Я знаю этот дом, очень современный, построенный на месте двух трехэтажных домов, немного не доходя до перекрестка Монпарнас. Жанна живет на самом верху, откуда, вероятно, открывается очень красивый вид.
— Ты больше не получал известий от Пэт? Думаешь, у нее есть шансы выкарабкаться?
— Не знаю…
Она смотрит на меня вопросительно. Я уверен, что с тех самых пор, как мы познакомились, она пытается угадать, законченный ли я эгоист, или просто не умею выражать свои чувства.
По мнению Жанны, я слишком спокойно говорю о Пэт и о смерти моего сына.
Тем временем я приготовляю бокал сухого мартини для нее, а себе наливаю полрюмки портвейна.
— За твое здоровье…
— И за твое…
Мы переходим из гостиной в студию в ожидании, пока нам доложат, что обед подан. Не люблю слова «студия», оно напоминает мне объявление в газетах.
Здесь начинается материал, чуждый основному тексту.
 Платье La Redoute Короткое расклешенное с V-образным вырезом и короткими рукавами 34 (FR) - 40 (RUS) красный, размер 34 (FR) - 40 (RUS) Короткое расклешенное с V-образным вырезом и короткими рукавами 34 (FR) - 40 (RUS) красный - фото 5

Однако не могу же я называть эту комнату будуаром? «Маленькая гостиная» тоже смешно.
— Ты сделал шикарный подарок Жаку… Когда он пришел рассказать мне об этом, он был вне себя от радости… Он-то, бедный, думал, что его женитьба на такой молоденькой девушке тебе не понравится…
— У меня нет причин…
— Я ему так и сказала… Сейчас он составляет планы со своим архитектором, но я думаю, он женится и переедет раньше, чем все будет готово… Я осмотрела магазин и квартиру во втором этаже… И в самом деле хорошо…
Она украдкой наблюдает за мной. Она всегда это делала. Все время, пока я жил с ней, меня не оставляло ощущение, что на меня постоянно направлен чей-то оценивающий взгляд.
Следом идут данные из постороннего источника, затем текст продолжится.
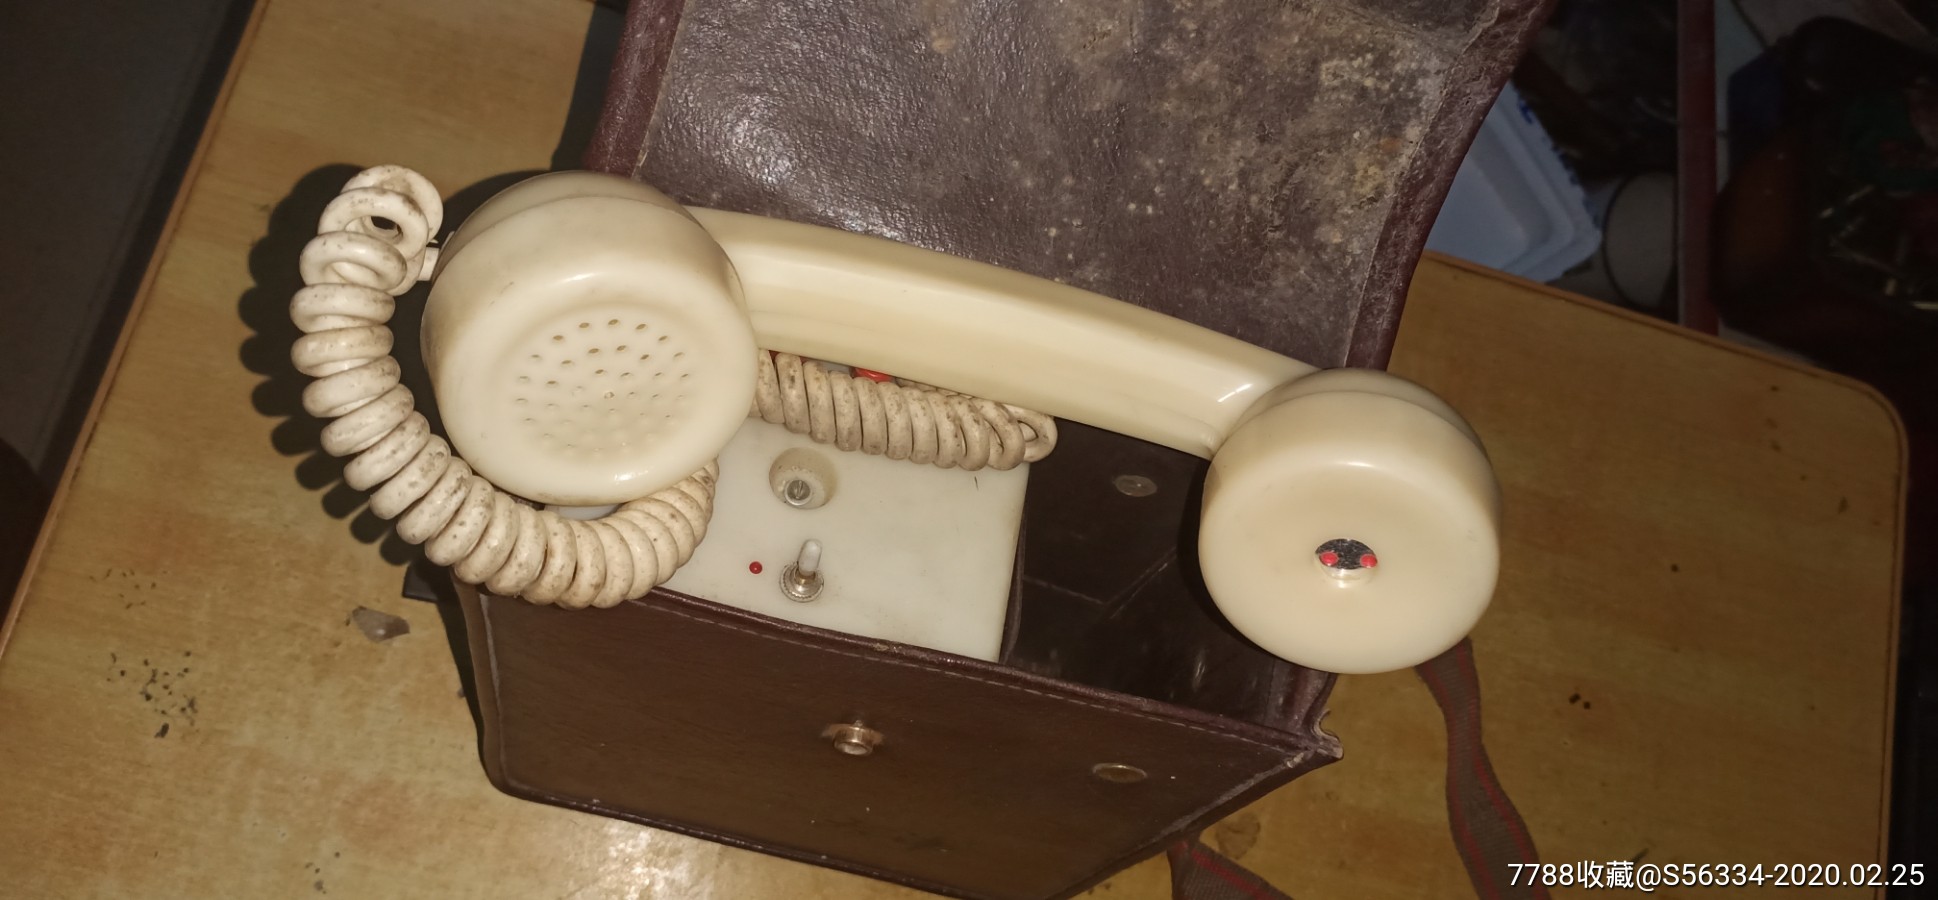 少见白色手摇电话,旧电话机

И сейчас это продолжается. В каждое свое посещение она, наверное, находит меня все более постаревшим, все более вялым. А я призываю на помощь все свои силы. Смешно, ведь я же знаю, что мне ее не обмануть.
— Ты не скучаешь?
— Нет.
— Не жалеешь, что перестал управлять банком?
— Нет.
— Ты там по-прежнему бываешь каждое утро?
— И днем тоже…
Я не хочу, чтобы меня жалели, но чувствую, что она готова меня пожалеть. Она знает квартиру, в которой я живу, и, должно быть, в анфиладе этих огромных комнат я кажусь ей еще более худеньким и невзрачным.
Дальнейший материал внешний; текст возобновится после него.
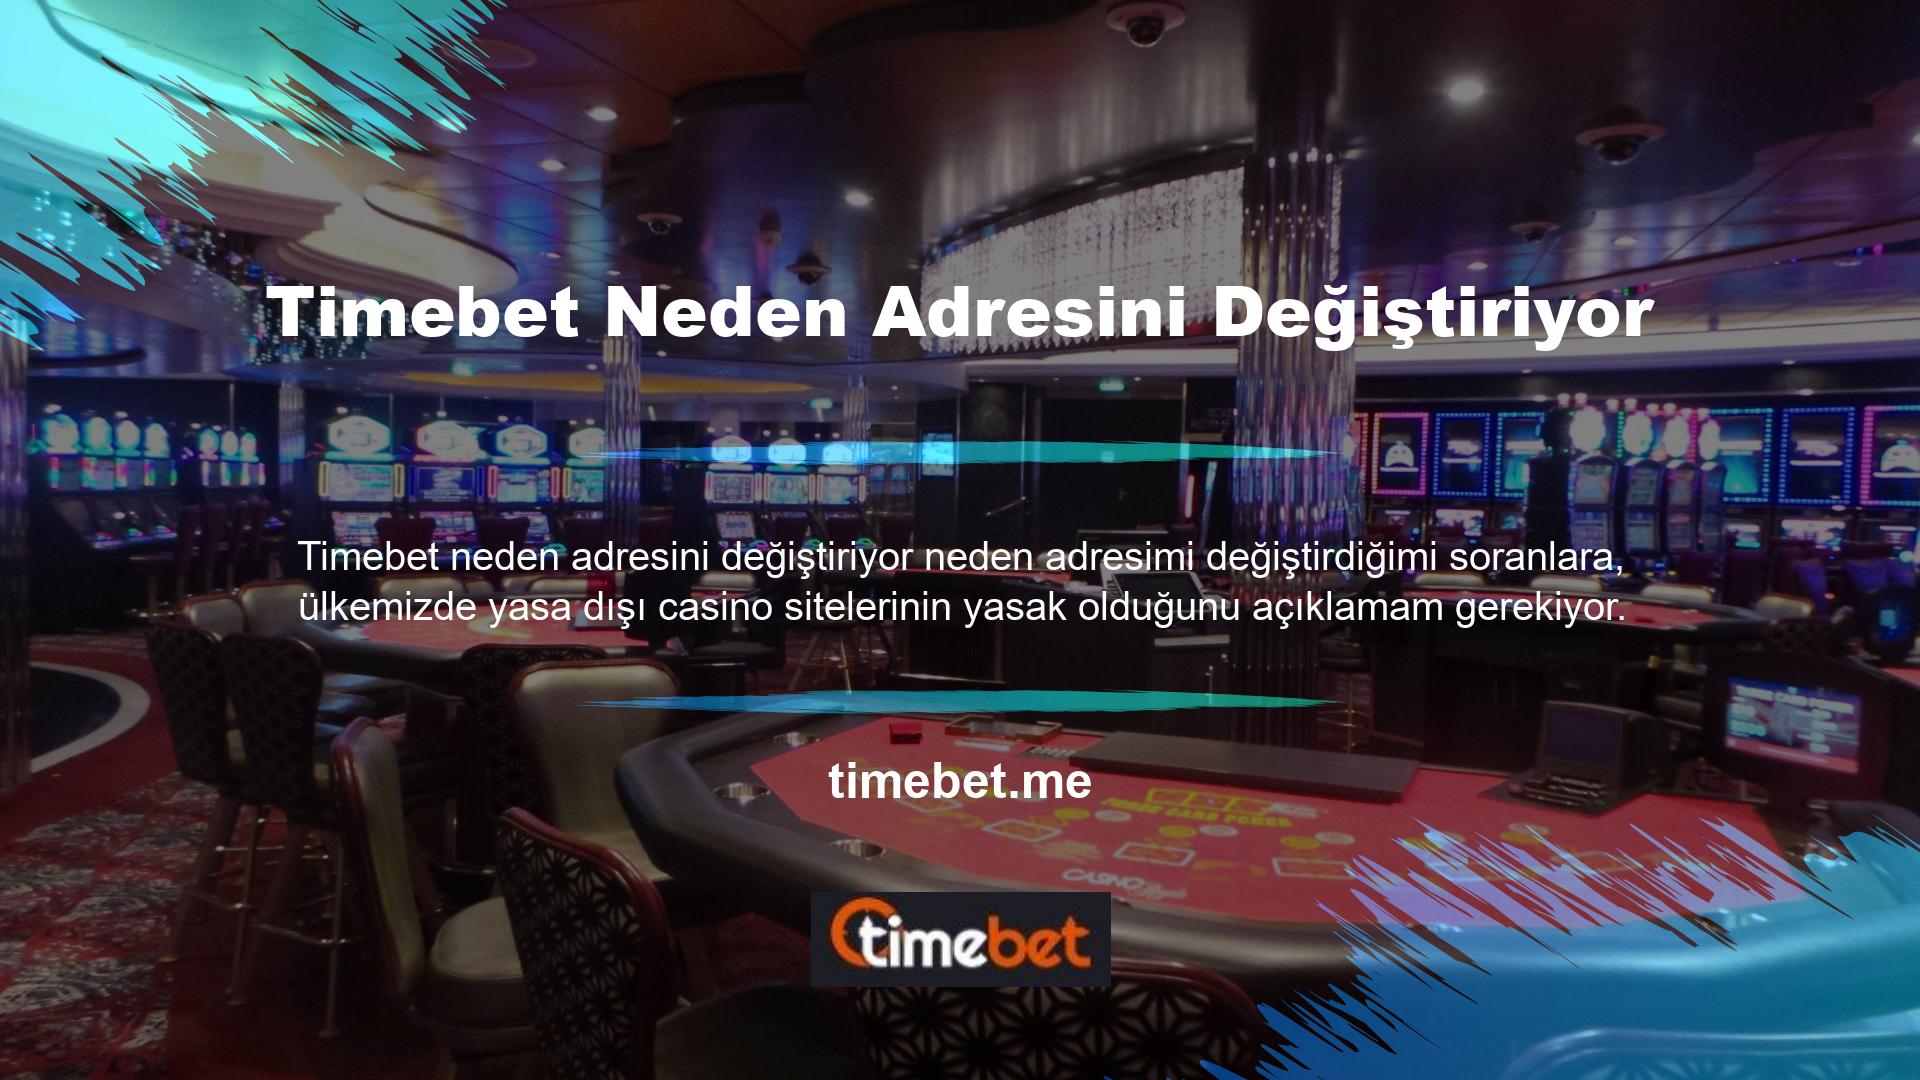 Timebet bahis sitesi, oyuncular için mükemmel hizmet anlayışı, yüksek oranlar ve zengin bonus seçenekleri ile sürekli gelişen bir platformdur

— Ты видела эту Хильду? — спрашиваю я.
— Да, он нас познакомил. Мы вместе обедали у Липпа.
Со мной ее еще не знакомили. Я увижу ее последним. Я не принадлежу к их клану.
Это не совсем точное слово, но я не нахожу другого. Между ними существует что-то вроде сообщничества, поэтому они могут обсуждать друг с другом вопросы, которых не затронули бы в моем присутствии.
Так было всегда. Жан-Люк, например, навещает свою мать каждый раз, как бывает в Париже, а ко мне заходит очень редко. Я уверен, что они хорошо ко мне относятся. Они даже в известной мере восхищаются мною, тем, чего я достиг со времени Макона. И все же они не хотели бы походить на меня и ставят мне в вину условия, в которых я их воспитал.
Это трудно объяснить. Я не сказал бы, что они циничны, что от меня им нужны только деньги. Это было бы неверно. Но почему-то всегда получается так, что они приходят ко мне, когда я им нужен.